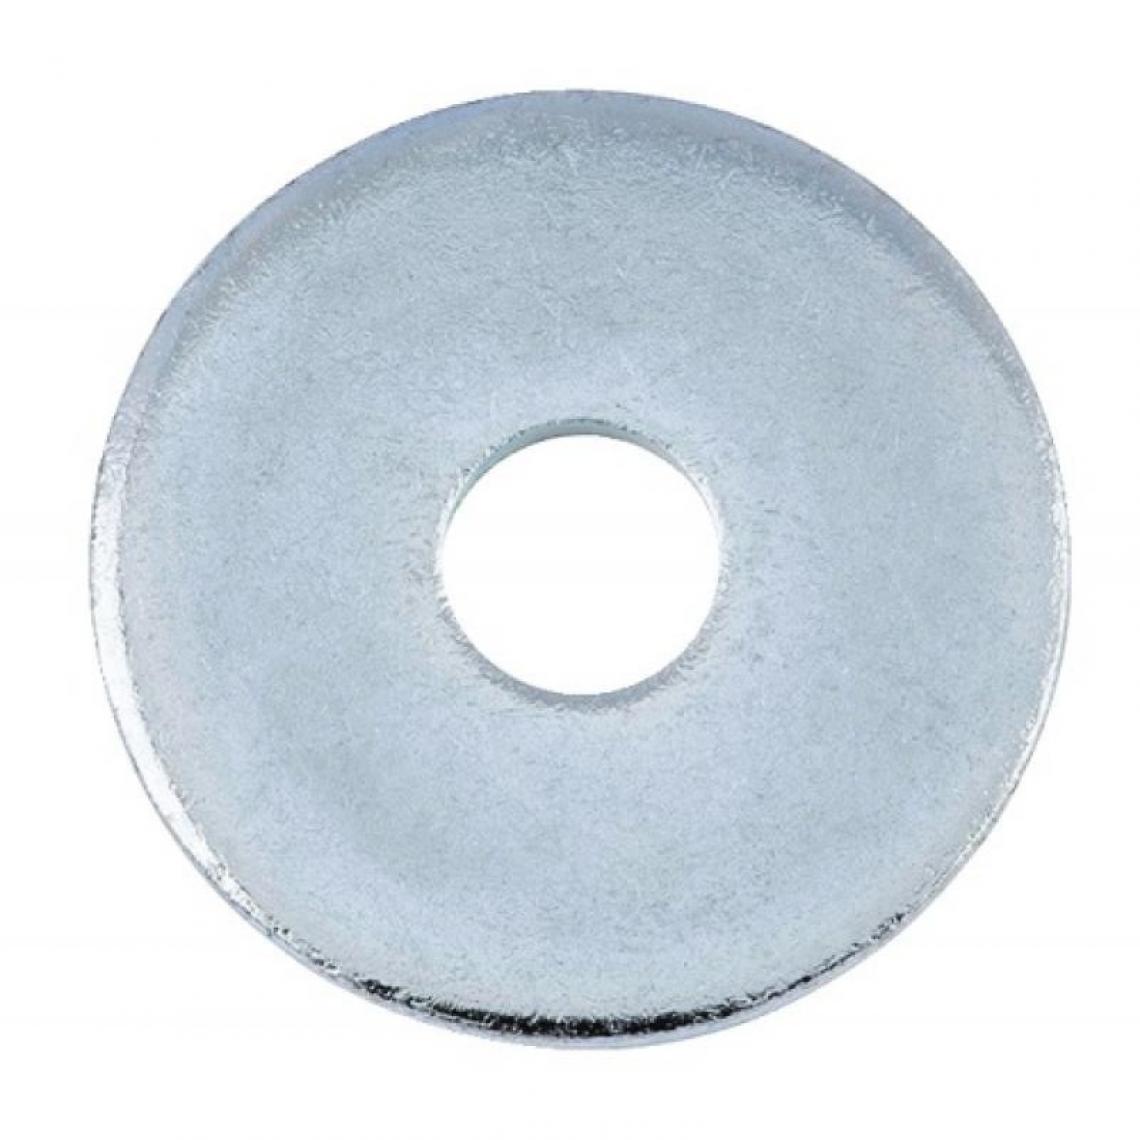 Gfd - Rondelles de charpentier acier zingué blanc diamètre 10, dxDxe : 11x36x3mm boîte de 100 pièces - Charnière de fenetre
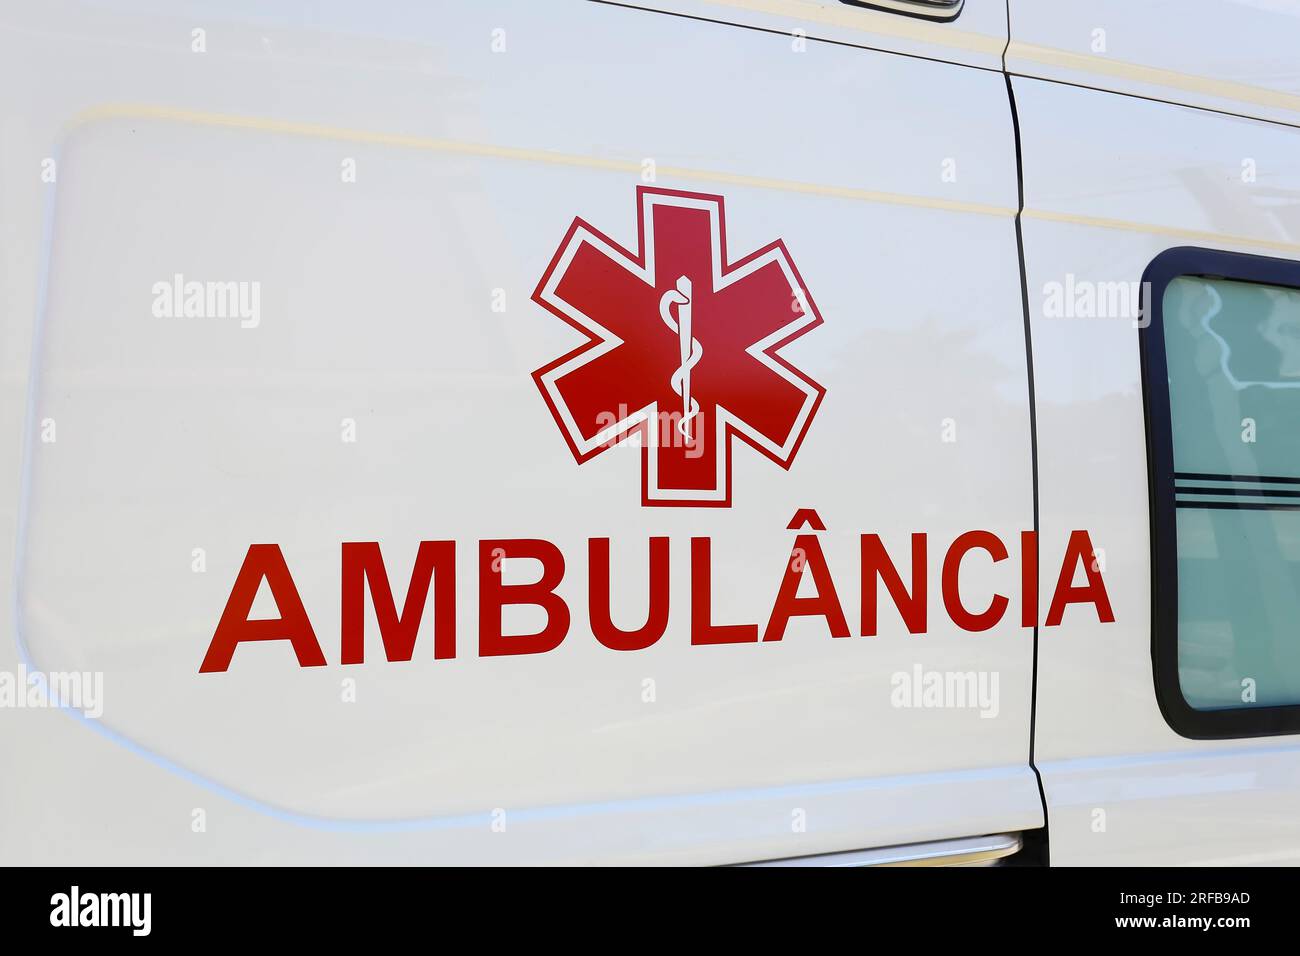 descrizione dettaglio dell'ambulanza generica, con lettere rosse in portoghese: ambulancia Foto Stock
******
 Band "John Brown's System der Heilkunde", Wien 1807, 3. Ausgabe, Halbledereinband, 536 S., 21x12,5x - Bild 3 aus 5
******
▶ **Aim of the exercise**: Using the entries above, extract exactly the lines from the one that contains "Gfd - Rondelles" through the one that contains "descrizione dettaglio dell'ambulanza". Do not carry over any pictures.

▶ **Solution for this exercise**:
 Gfd - Rondelles de charpentier acier zingué blanc diamètre 10, dxDxe : 11x36x3mm boîte de 100 pièces - Charnière de fenetre
 descrizione dettaglio dell'ambulanza generica, con lettere rosse in portoghese: ambulancia Foto Stock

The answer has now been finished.